→ **TO DO**
When the line with "Vintage Saguaro National" turns up below, begin repeating exactly, and carry on through the line with "Bange BG 7238"; no pictures go into the copy.

→ **DATASET RECORDS**
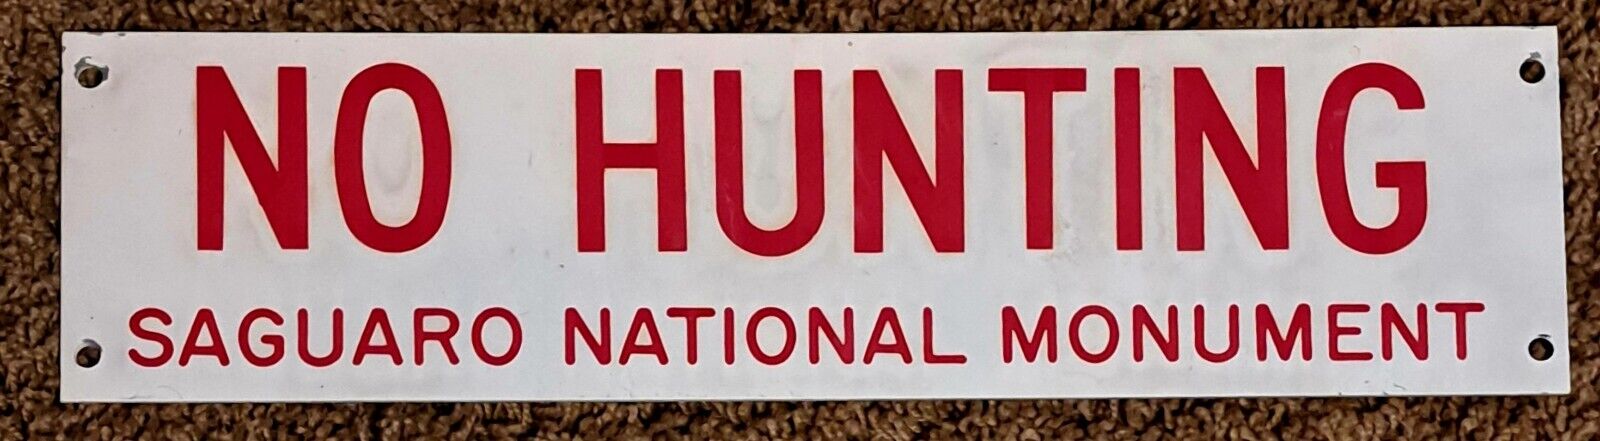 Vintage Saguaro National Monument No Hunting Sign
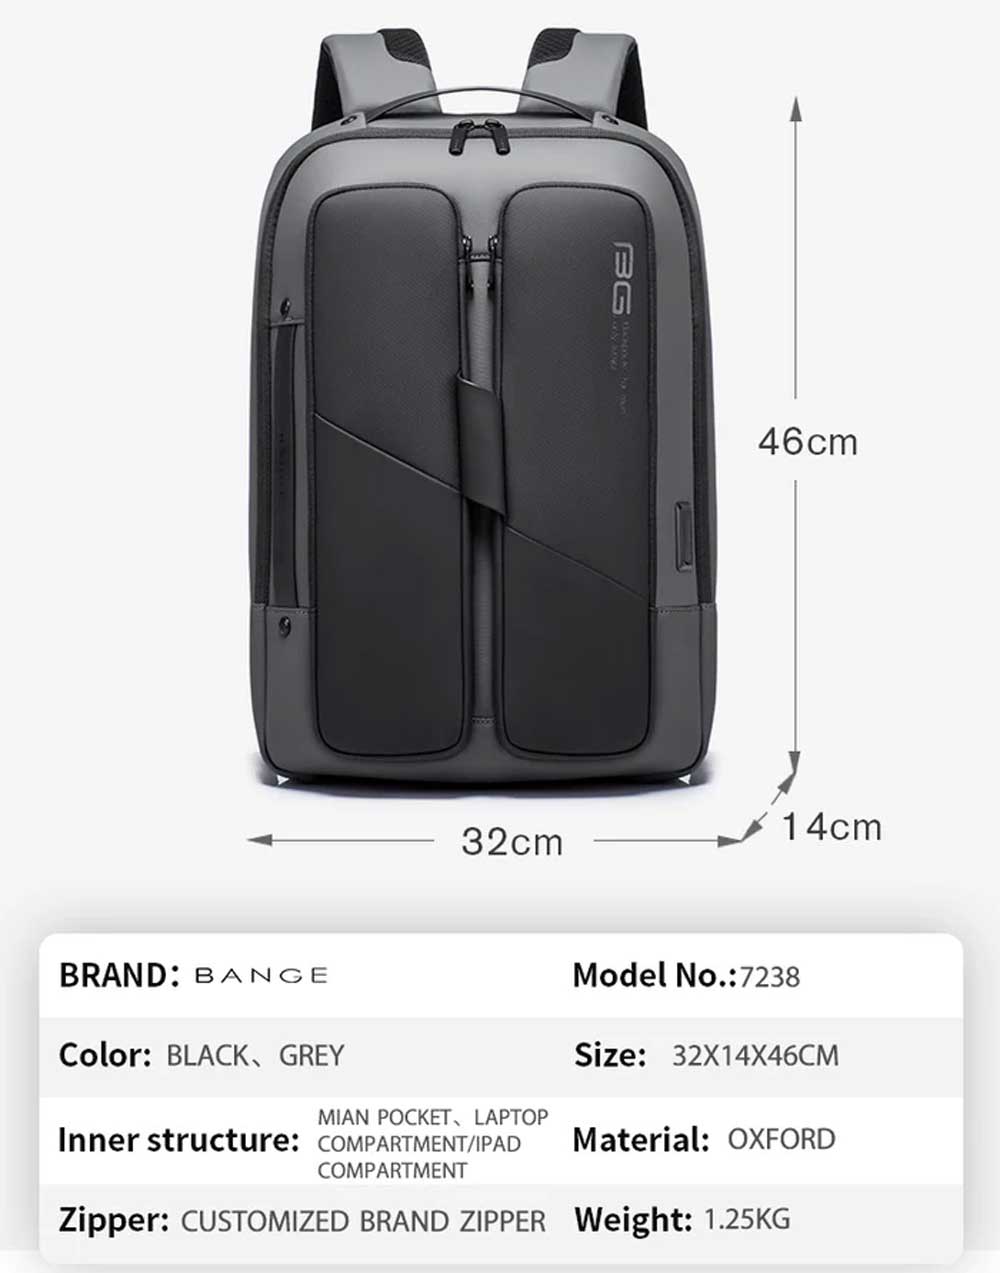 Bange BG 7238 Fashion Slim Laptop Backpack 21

---

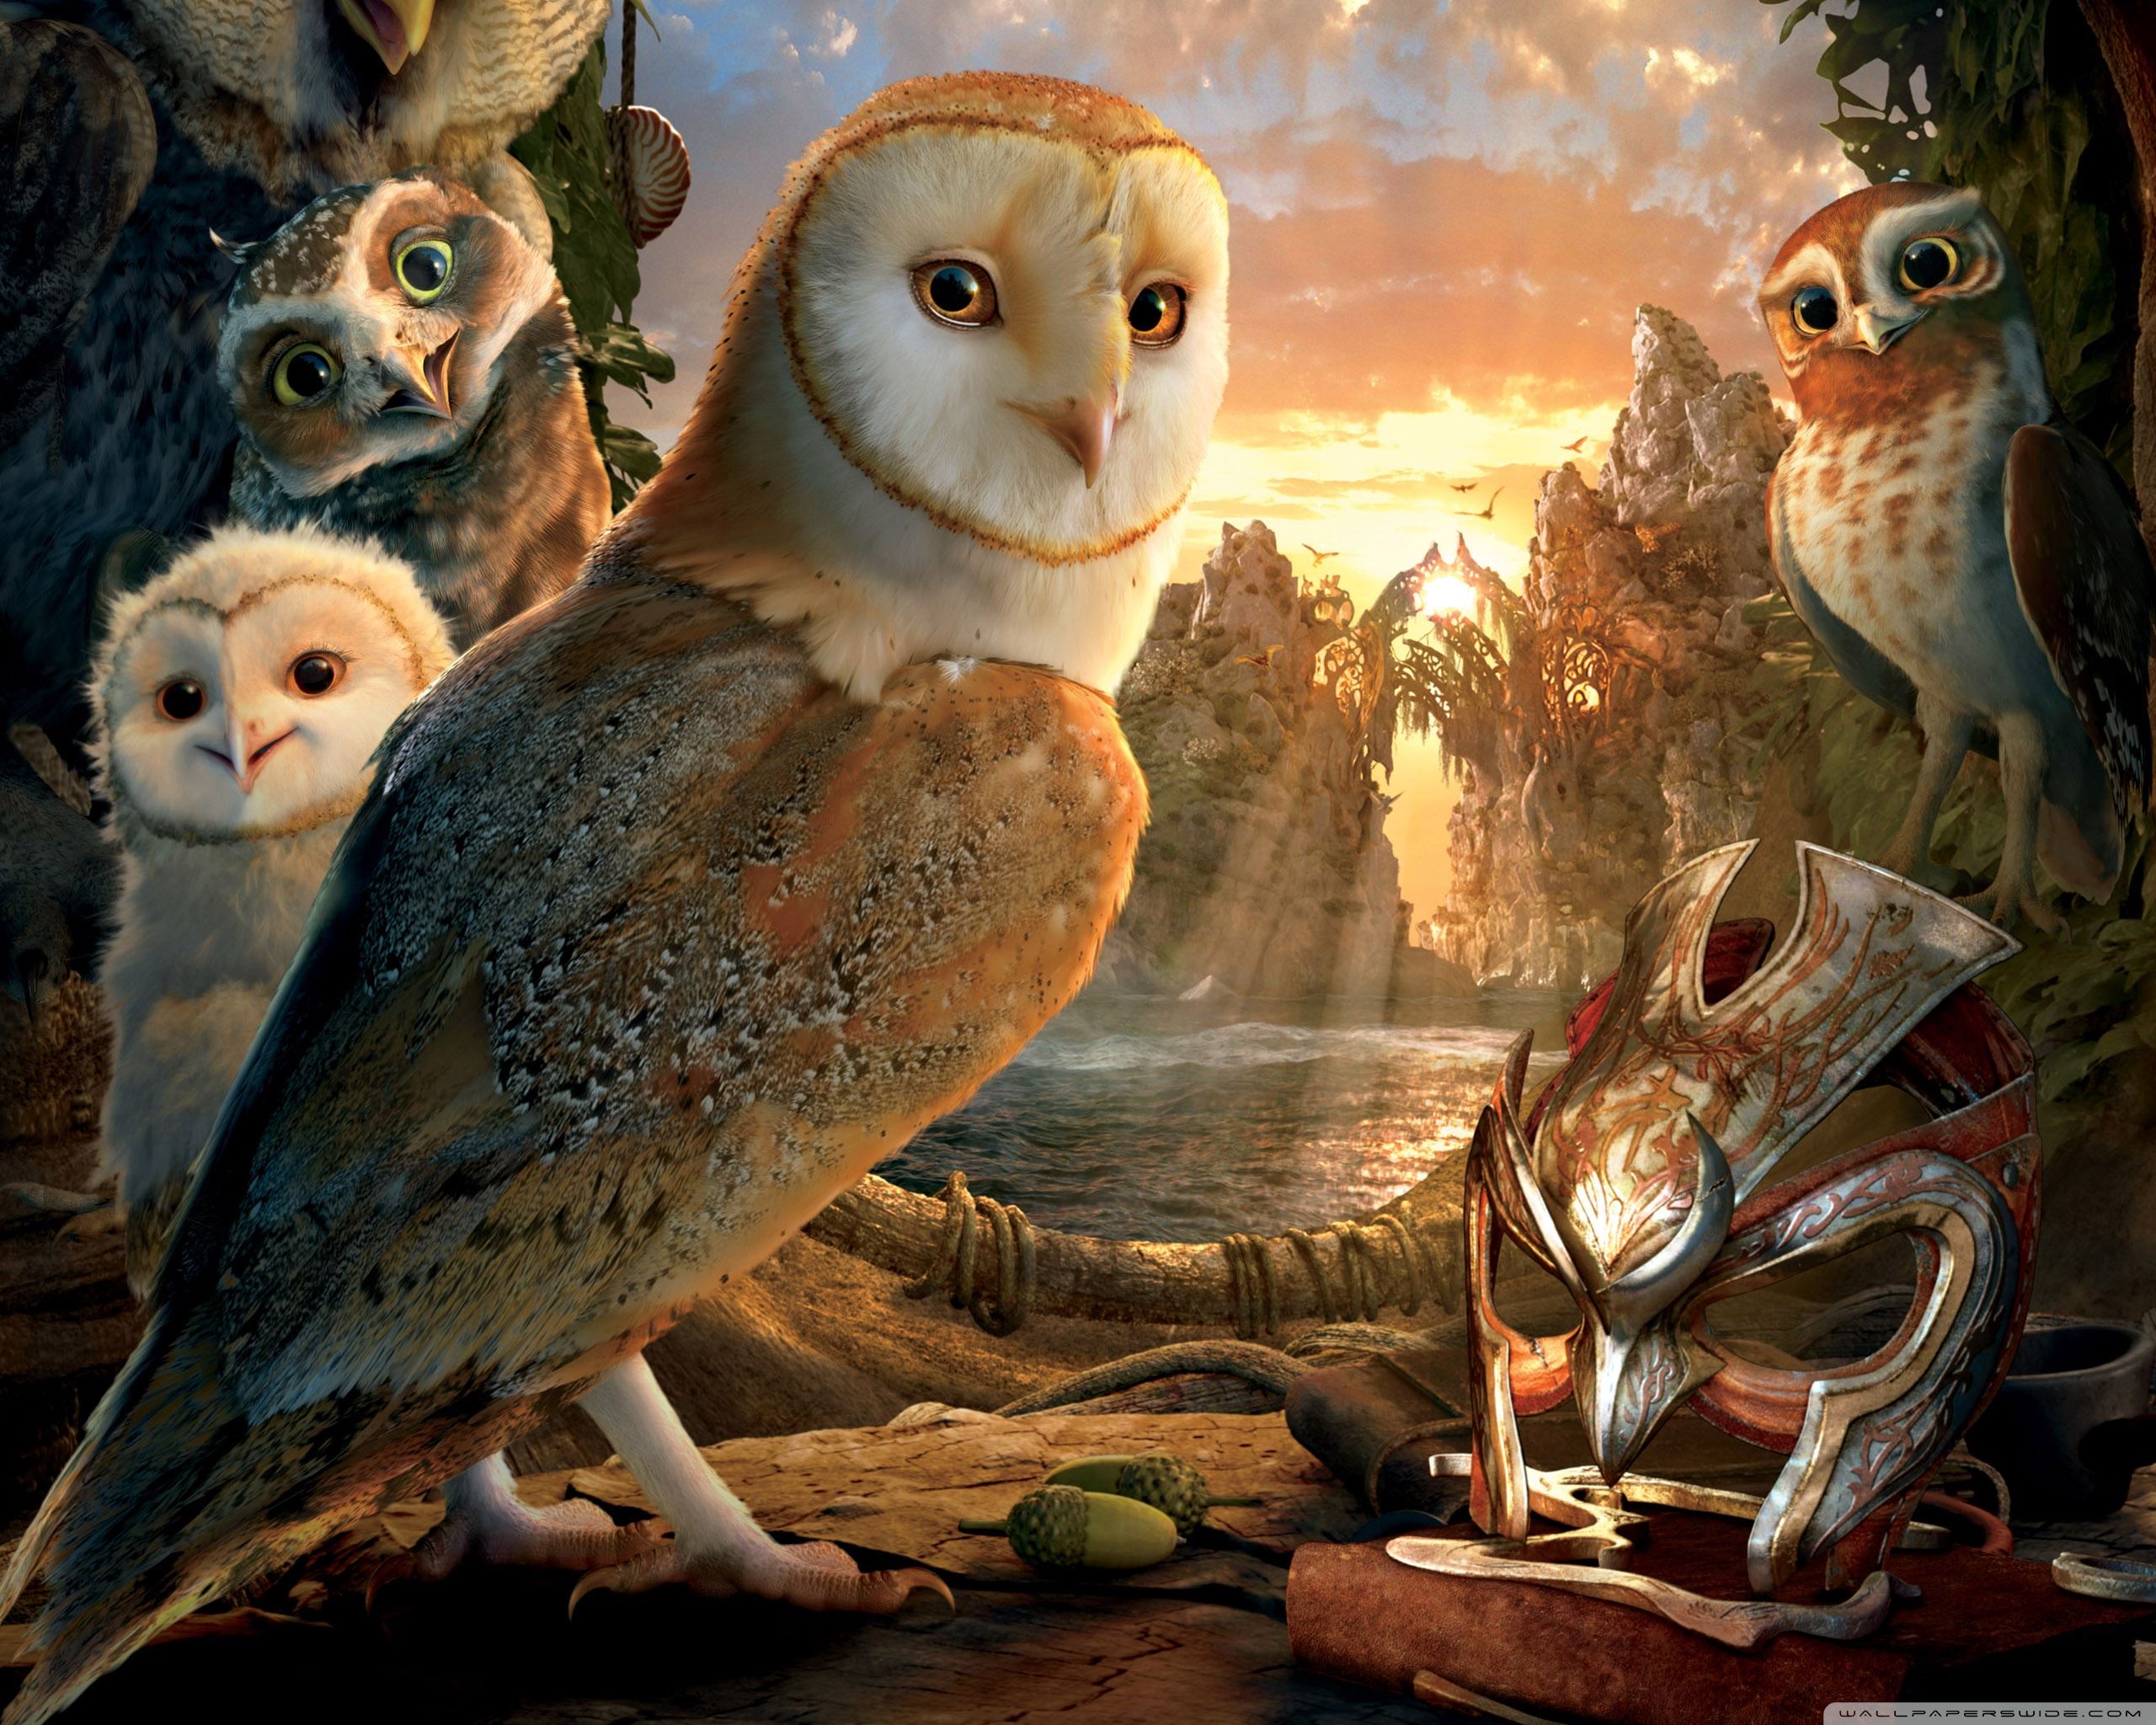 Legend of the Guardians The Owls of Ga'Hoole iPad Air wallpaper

==

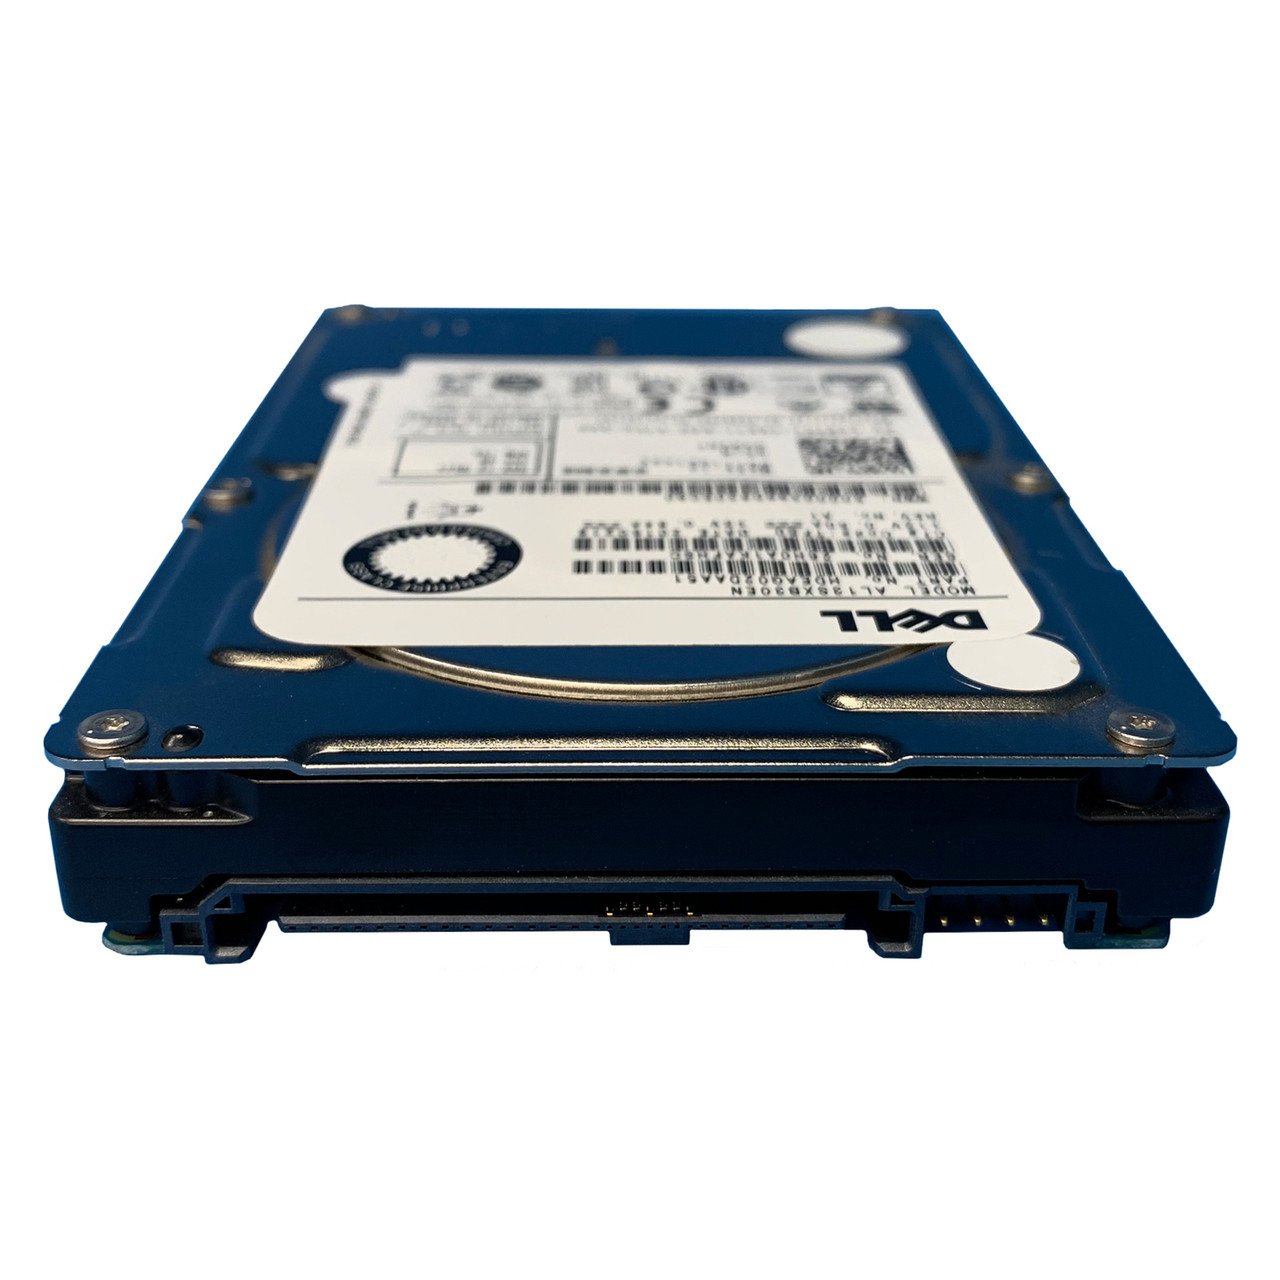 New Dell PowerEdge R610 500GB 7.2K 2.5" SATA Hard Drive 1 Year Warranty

→ **TASK OUTPUT**
 Vintage Saguaro National Monument No Hunting Sign
 Bange BG 7238 Fashion Slim Laptop Backpack 21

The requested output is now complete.